(no subject)

Feb 18, 2008 22:08

I am really upset at my school district right now. They choose two week s before the state ELA tests two tel us what we need to do, in order to pass them. They waited a month to give us prep materials.

I am upset at Texas Tech University for not teaching me how to translate opaque state standards into lesson plans. And, for not teaching me how to modify for students with learning handicaps. For not teaching my how to create a unit plan. For not teaching me how to teach grammar, composition, literature and the writing process. For not being a good university.

I am upset at myself for relaxing and catching up on sleep this weekend, instead of going into to work on a Saturday and a Sunday. For not being able to teach and do paper work at the same time. for not knowing all the answers, all the time. For not choosing a better profession. For not paying attention in math class. For not becoming a writer and joining an artists colony in the  mountains.

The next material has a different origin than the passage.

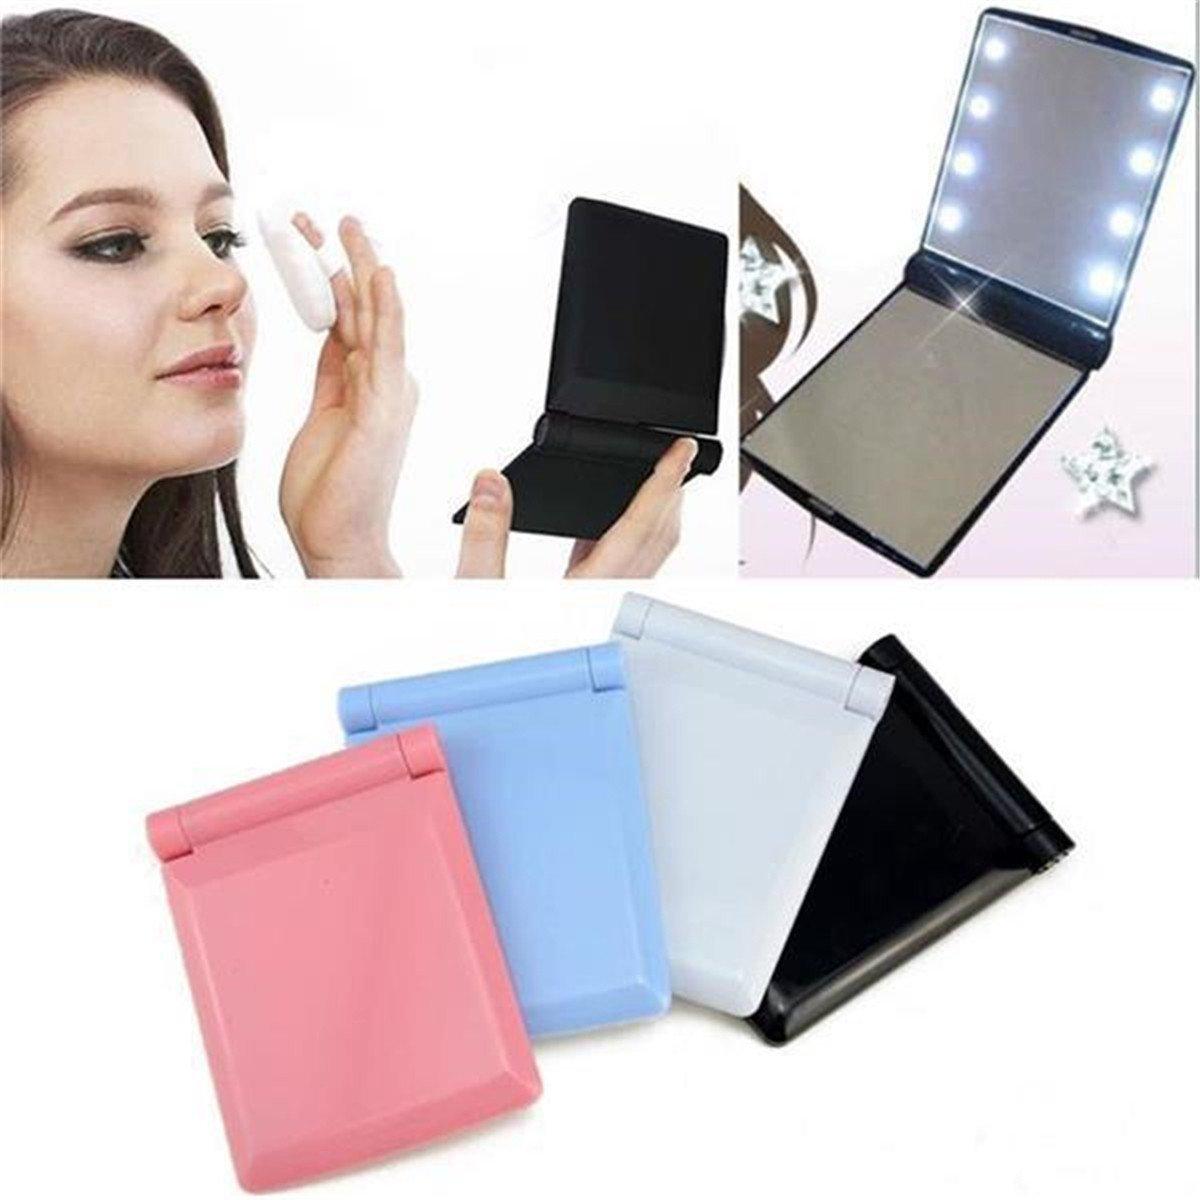 Nicewave portatile illuminato specchio pieghevole compatto trucco specchio tascabile con luci LED Hilai

I am upset with Anthony for not finding a better job that makes him happy. For not using a spoon rest, and forgetting to turn of the burners. For not moving in with me because he is afraid of what his family might say or do.

I am upset with Dixie Dog for not going outside when she knows she needs to. She knows, she just wants to get back at me for not giving her fancy dog food and giving her baths when she plays in the mud.

I am upset with the weather for being suck-tastic.

I am upset with the federal government for being worse than my eighth graders! Immature brats. Both parties.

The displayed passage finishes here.